Dear church staff candidate:
Your resumé matters. It matters so much that you ought to have a knowledgeable person proofread it before you send it out. I’ve just returned from a search committee meeting at church where a committee of lay members reviewed your resumé, and they were astonished at what they saw.
You may think you’re pitching your vital statistics to another pastor who will understand your language and style with a forgiving eye, but that’s seldom the case. In reality, your resumé most likely will be eyeballed by professionals. Here’s who was around the table in our committee meeting tonight: three lawyers, a geneticist, a professional fundraiser, a human resources manager, a former accounting firm recruiter who now is a stay-at-home mom and two engineers.
As professionals, these laypeople were shocked at the amount of personal information you included on your resumé. You told us dates of birth for you, your spouse and your children. The person on our committee who is a human resources manager for a large national firm said if she received a resumé like that at work, she would have to throw it in the trash without looking at it, due to potential age discrimination. Yes, churches are exempt from that type of hiring discrimination, but smart laypeople aren’t going to be swayed just because they’re at church and not at work. They don’t see listing your family credentials as an asset; they see you being careless with personal information.
And then there are your typos. If you’ve managed to earn a graduate degree, you ought to know the proper name of your degree. It’s a “master of divinity” degree, not a “master’s of divinity” or a “masters of divinity.” Picky? Yes. But the care you put into polishing your professional credentials offers a window into the kind of care you’ll take as a staff member in our congregation. Most churches don’t want sloppy.
When you leave off dates when your degrees were earned, you appear to be hiding something. In Baptist life today, and particularly in moderate Baptist life, dates matter a lot. For example, there’s a big difference in a degree from Southern Baptist Theological Seminary in 1990 versus 2000. Our laypeople understand that the school fundamentally changed between those years. And while we’re on education, don’t try to inflate your degree. One of you tried to tell us tonight that a graduate diploma in theology is the same as a master of divinity degree. Sorry; it’s not.

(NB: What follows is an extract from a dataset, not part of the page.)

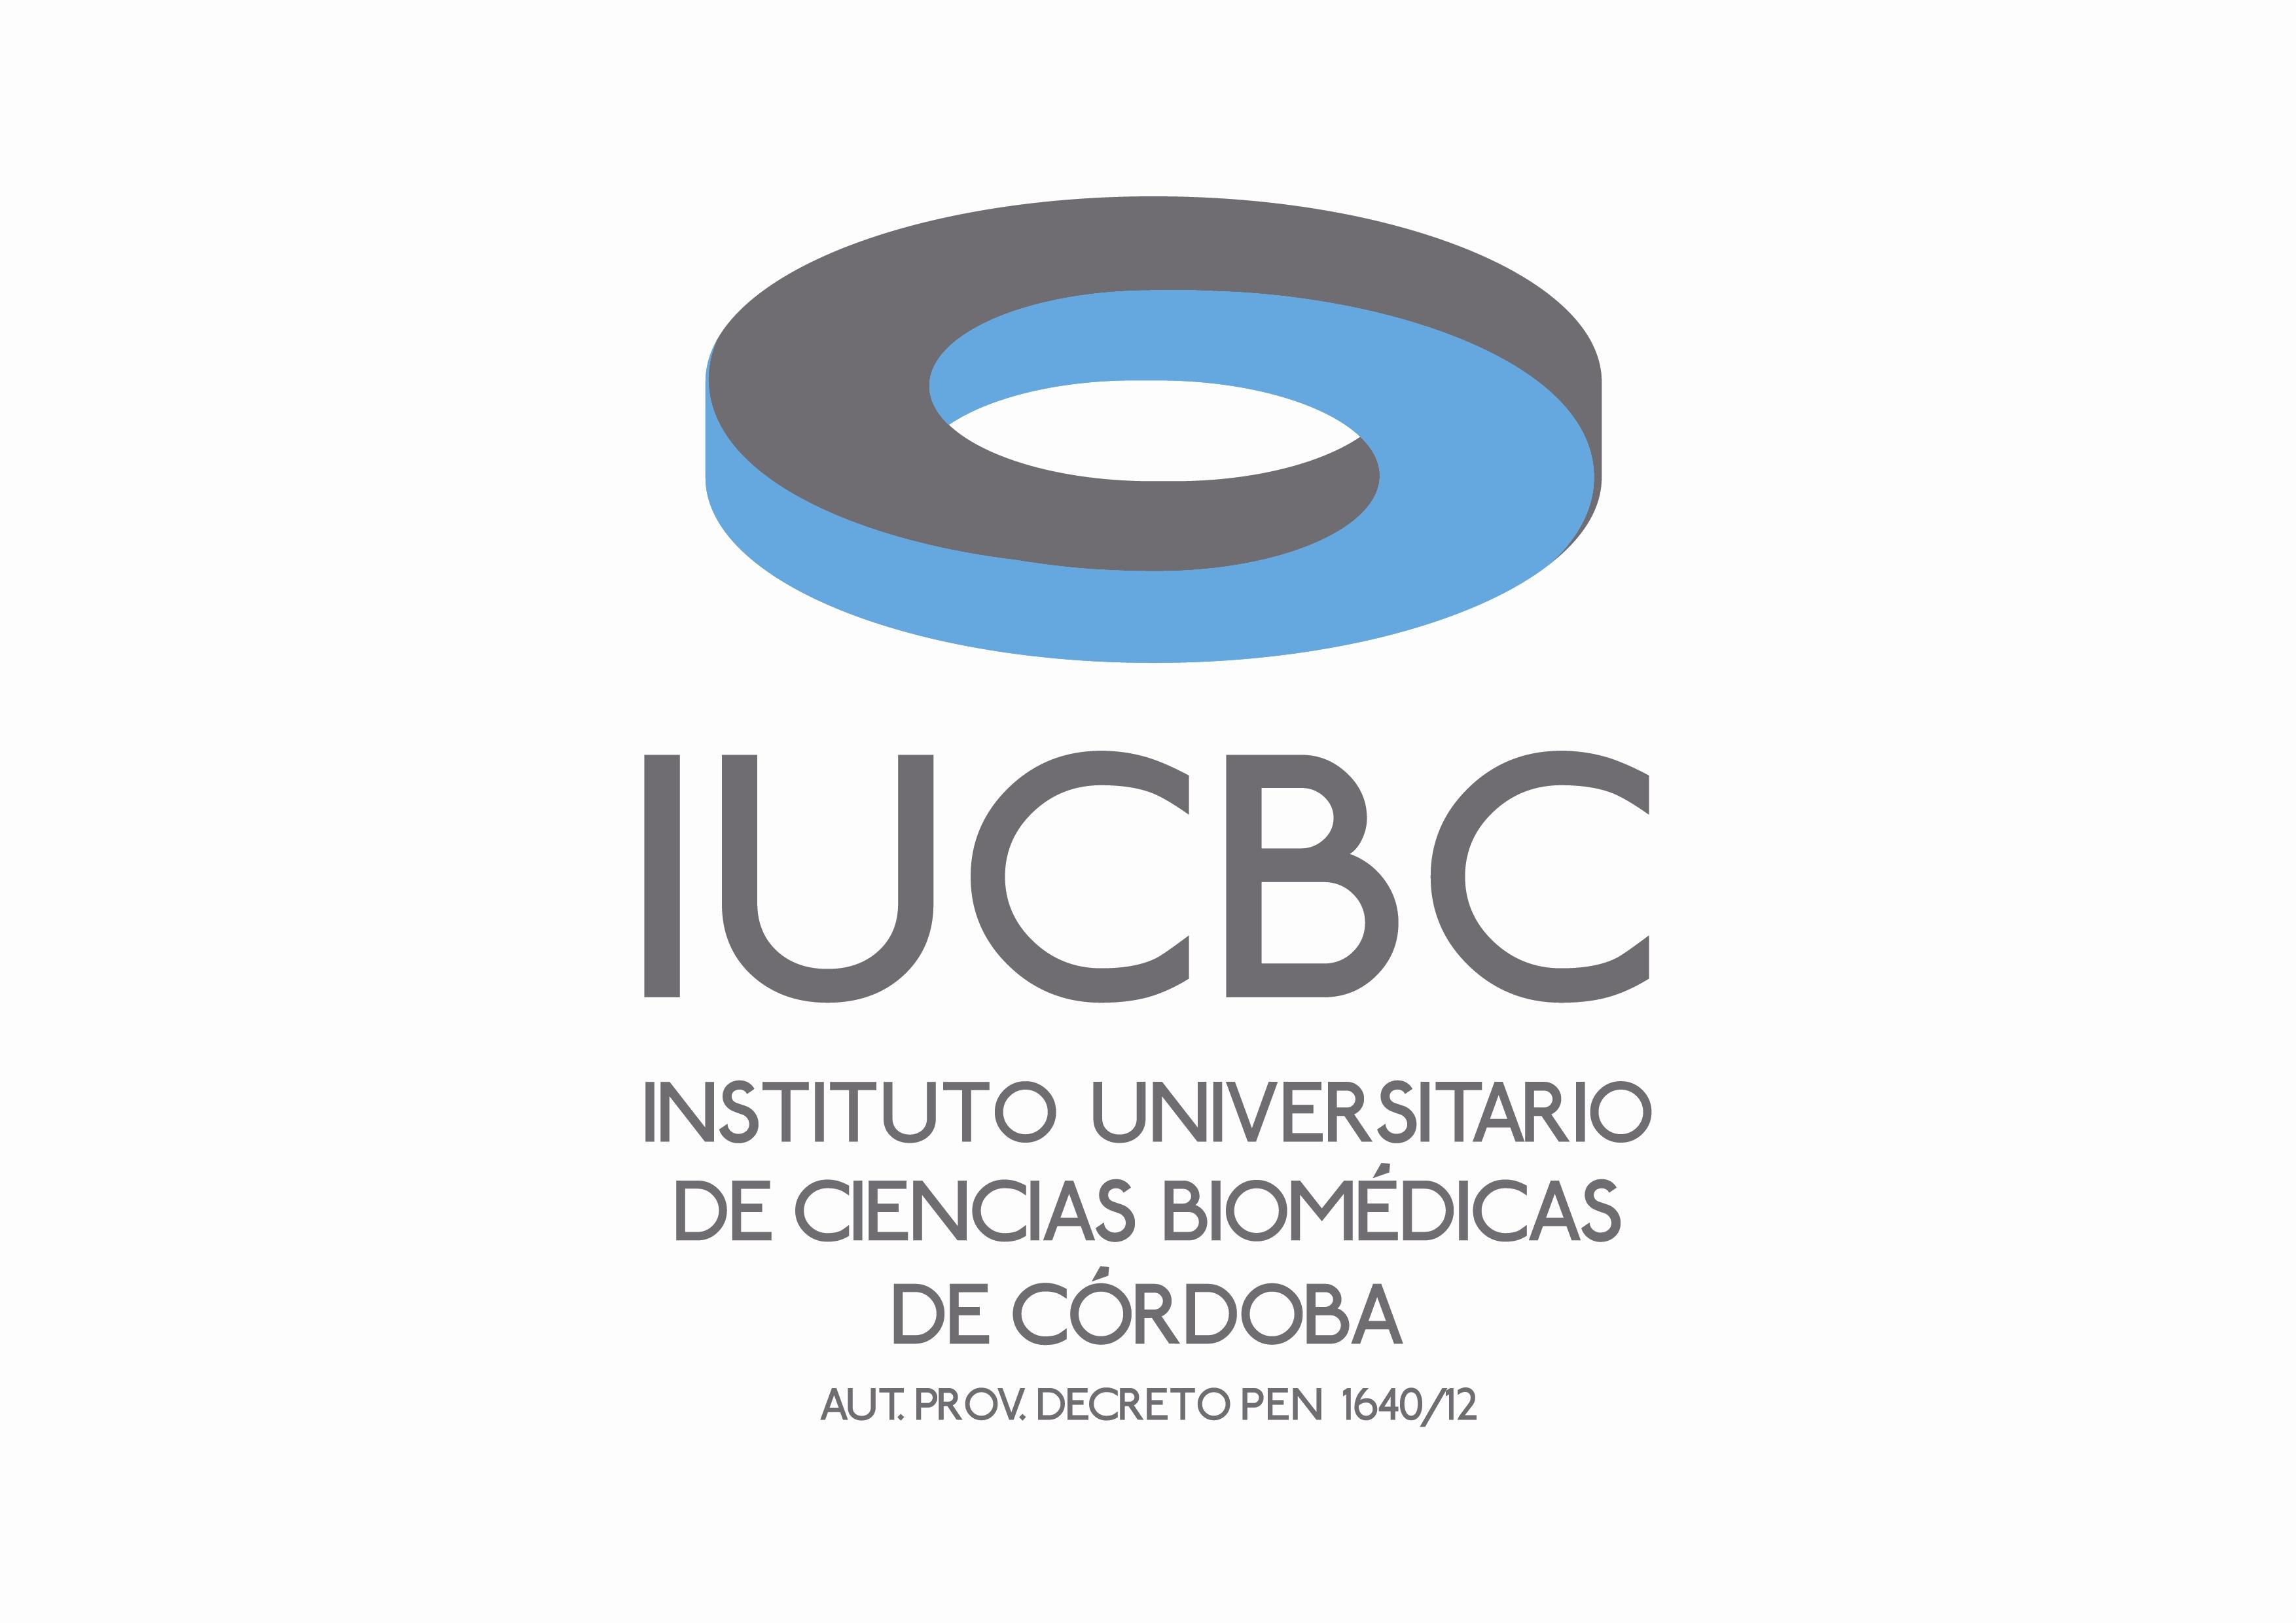 iucbc

And then there are the other little clues of carelessness that throw your resumé immediately into the “do not consider” pile: failing to update the resumé to reflect your current position or lack thereof; indicating a degree was anticipated to be received three years ago; telling us the names of churches where you’ve worked but not the cities or states; failing to offer a cover letter explaining noticeable gaps in your employment. One of our committee members had searched the Internet for information about you before he came to the meeting tonight. He pointed out discrepancies between your stated credentials and what was found on your current or former church’s Web site.
Finally, understand that references matter. Whoever told you to put “references available upon request” was wrong. Smart search committees immediately look at the names and positions of your references. Is there a reference listed from even one of your previous employers? Why not? Are your references all from the same place? Probably not a good idea. Have you spelled correctly the names of your references? Are any of the references people who will carry a measure of influence with the church considering you? That makes a difference. At least two people were spared the discard pile tonight based solely on the strength of their references.
And here’s a final bonus: Skip the God talk. Just because you’re applying for a church staff position doesn’t mean you need to prove your spiritual mettle in a folksy statement of personal mission. What might be endearing to your mother probably won’t translate to a group of people who haven’t yet met you.
Sadly, we’re not going to meet you, though, because these little mistakes put your resumé among the 12 out of 18 received that went straight to the recycle bin. We hoped for so much better.